How about for larger matrices?

The performance is 2x better in 0.6 with a 10000x10000 sized matrix. That doesn’t do me any good though, as I need to solve many smaller matrix problems.

How does this compare?

```
@btime LinAlg.generic_lufact!(copy(a), Val{true}) \ b
```

Try on nightly or rc2, there was a little issue with ccall lowering that Jeff just fixed.

Doing it this way

```
@btime LinAlg.generic_lufact!(copy(a), Val{true}) \ b
```

v0.5 is 3x slower and v0.6 is 2-3x faster; they have about the same run-time.

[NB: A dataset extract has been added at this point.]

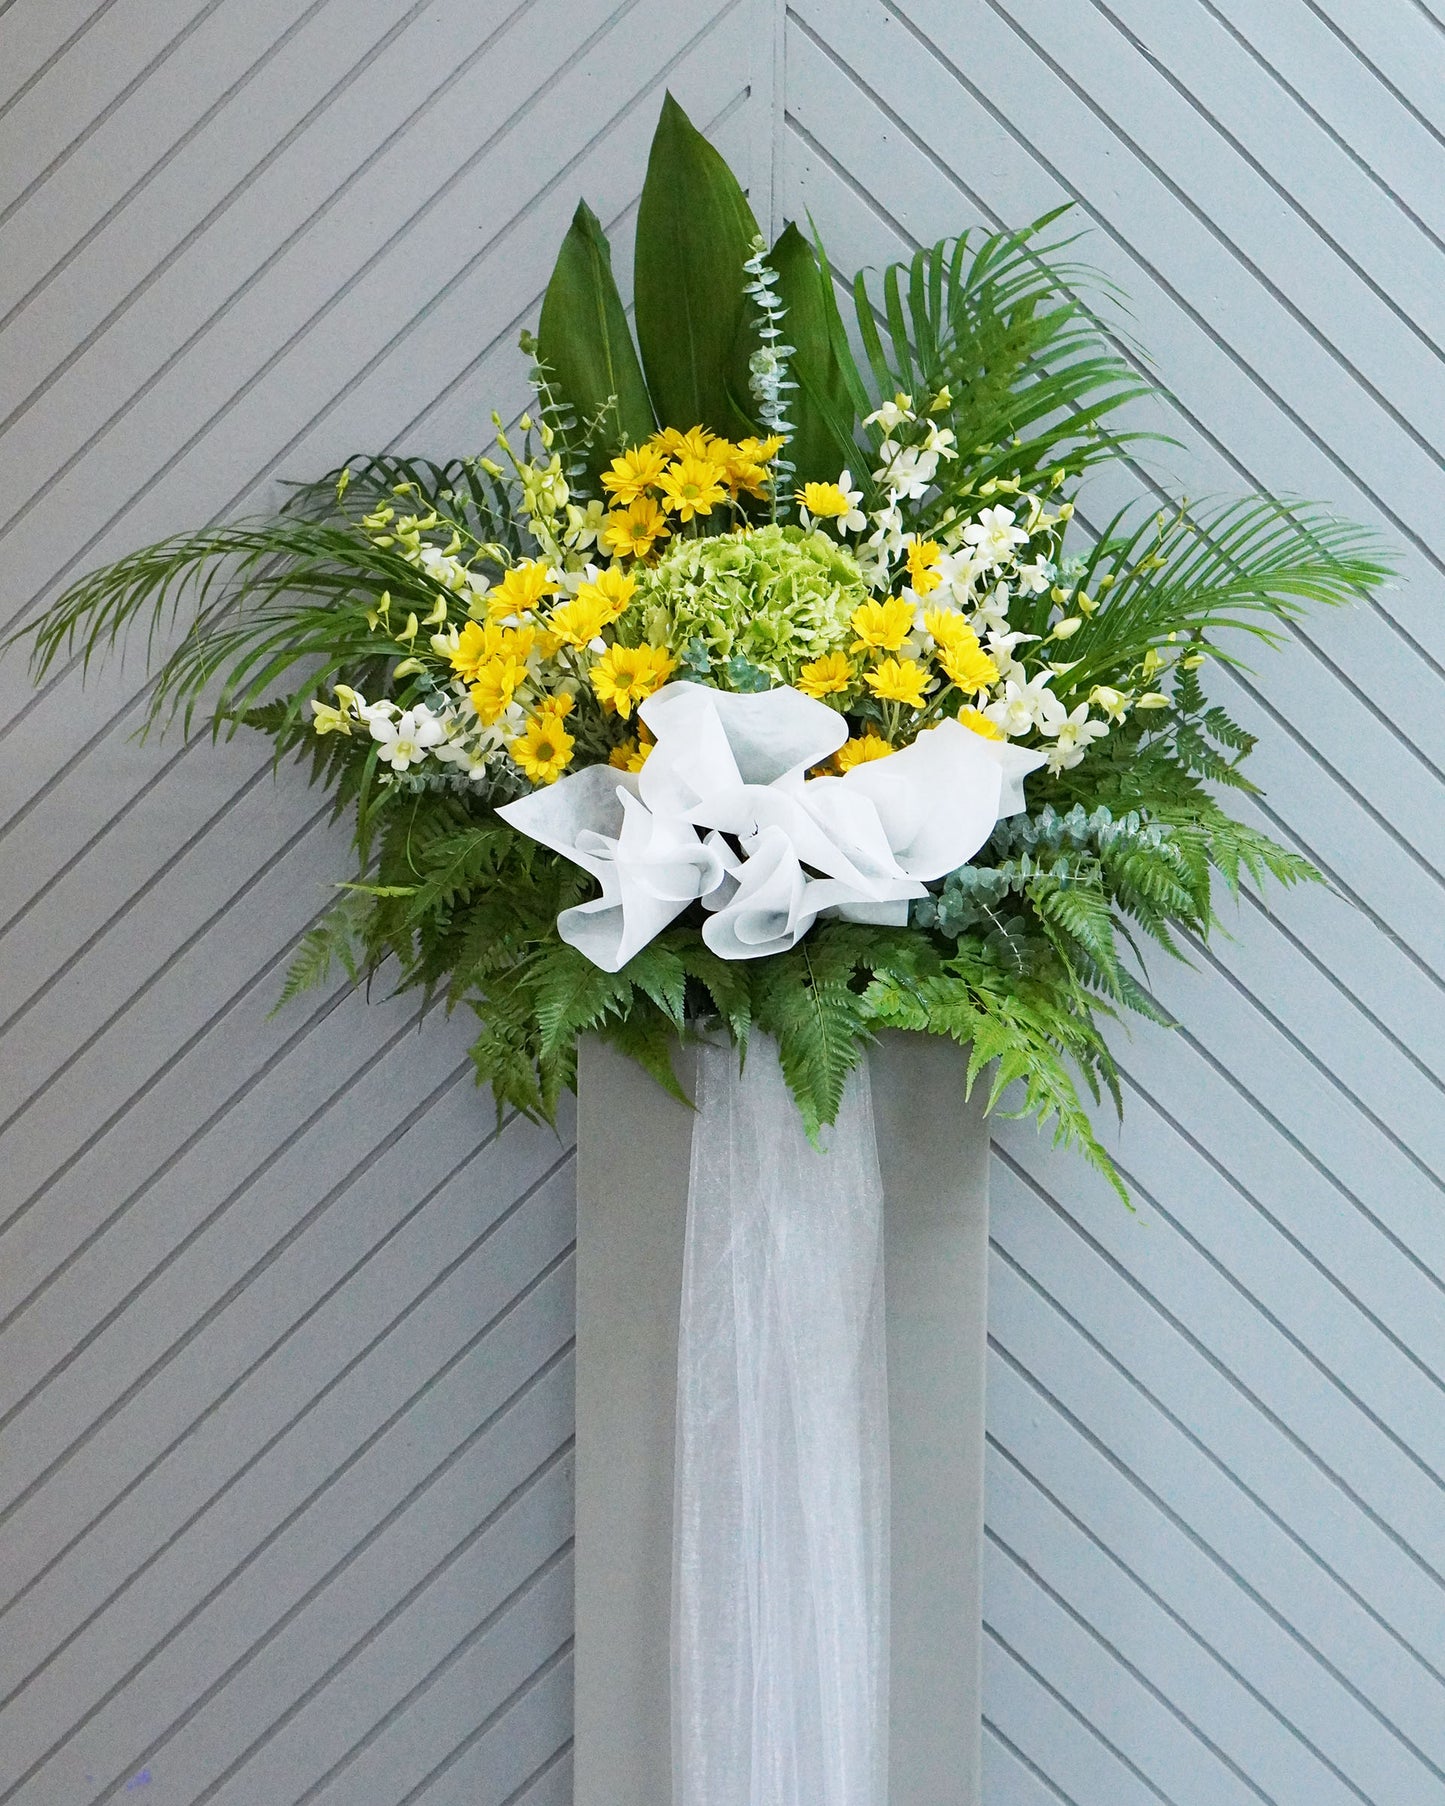 Condolence Flower Funeral Wreath - Rest In Heaven

I never got through the larger matrix test; it was taking too long.

I tried rc2 – no improvement.

The fact that large matrices are faster and “small” matrices are slower (90 x 90 is way larger than the ccall overhead could explain for) strongly suggests there is a difference in the build configuration of the lapack library.

For some reason, I didn’t get an email notification of your post. For what it’s worth, here’s my Make.user. There are no other configuration changes. I installed a second version of cygwin just for this build that has only the packages required.

```
XC_HOST = x86_64-w64-mingw32
USE_GPL_LIBS = 0
MARCH = native
```

If someone can point me to the relevant file(s), I can poke around and maybe narrow the problem down.